# Input data
⁂
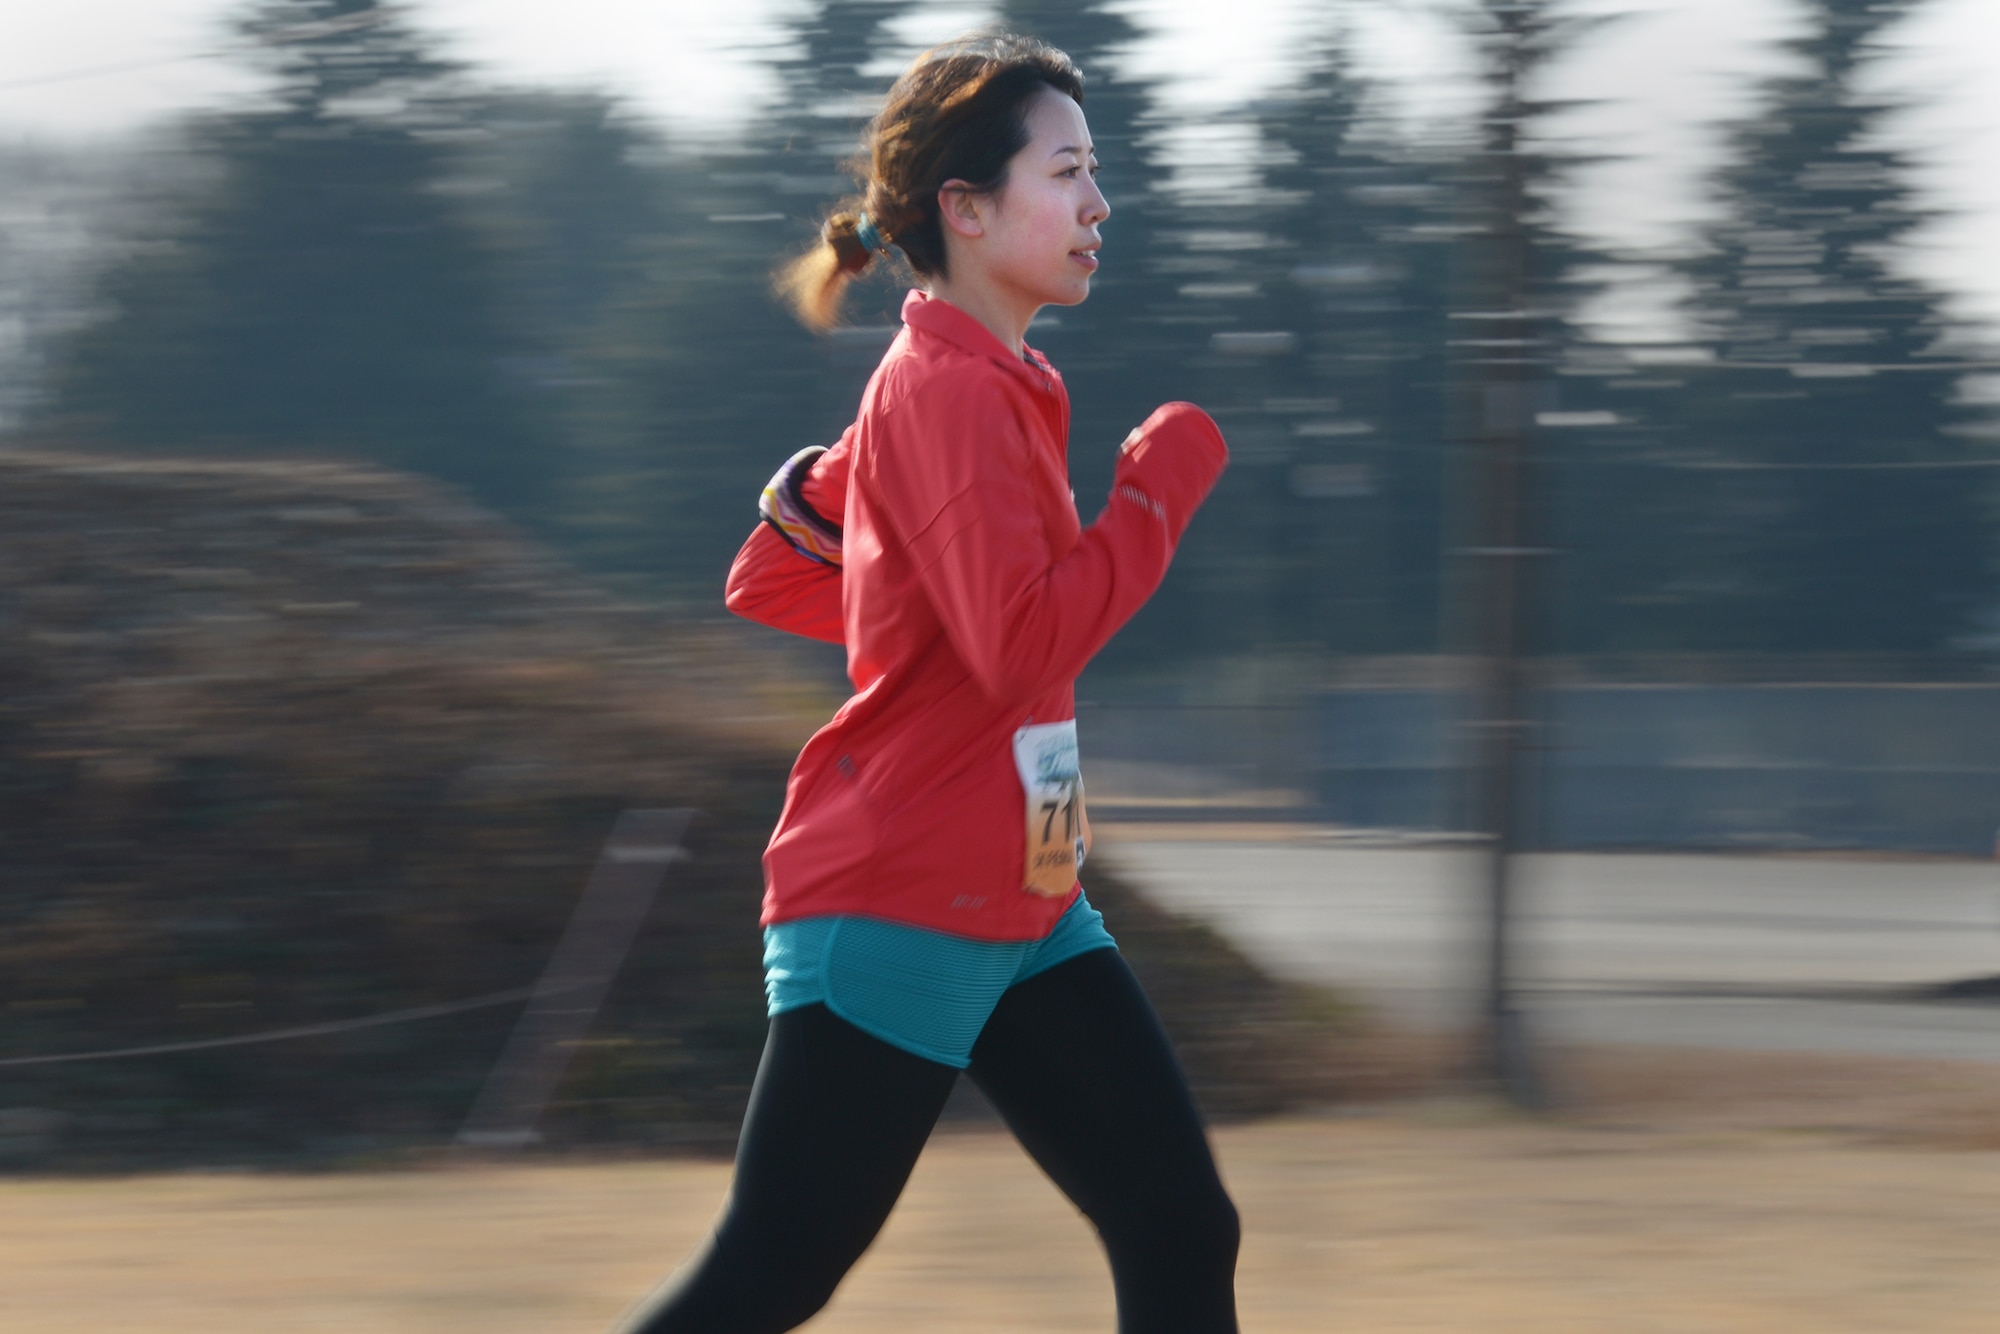 A participant runs in the 5k race during the 35th Annual Frostbite Run at Yokota Air
Base, Japan, Jan. 17, 2016. The event included two 2k runs, a 5k and a half marathon,
allowing participants to register for a casual or challenging run. (U.S. Air Force photo by
Staff Sgt. Cody H. Ramirez/Released)
⁂
# Task description
Once more, give the listing above exactly, leaving each picture out.

# Expected answer
 A participant runs in the 5k race during the 35th Annual Frostbite Run at Yokota Air
Base, Japan, Jan. 17, 2016. The event included two 2k runs, a 5k and a half marathon,
allowing participants to register for a casual or challenging run. (U.S. Air Force photo by
Staff Sgt. Cody H. Ramirez/Released)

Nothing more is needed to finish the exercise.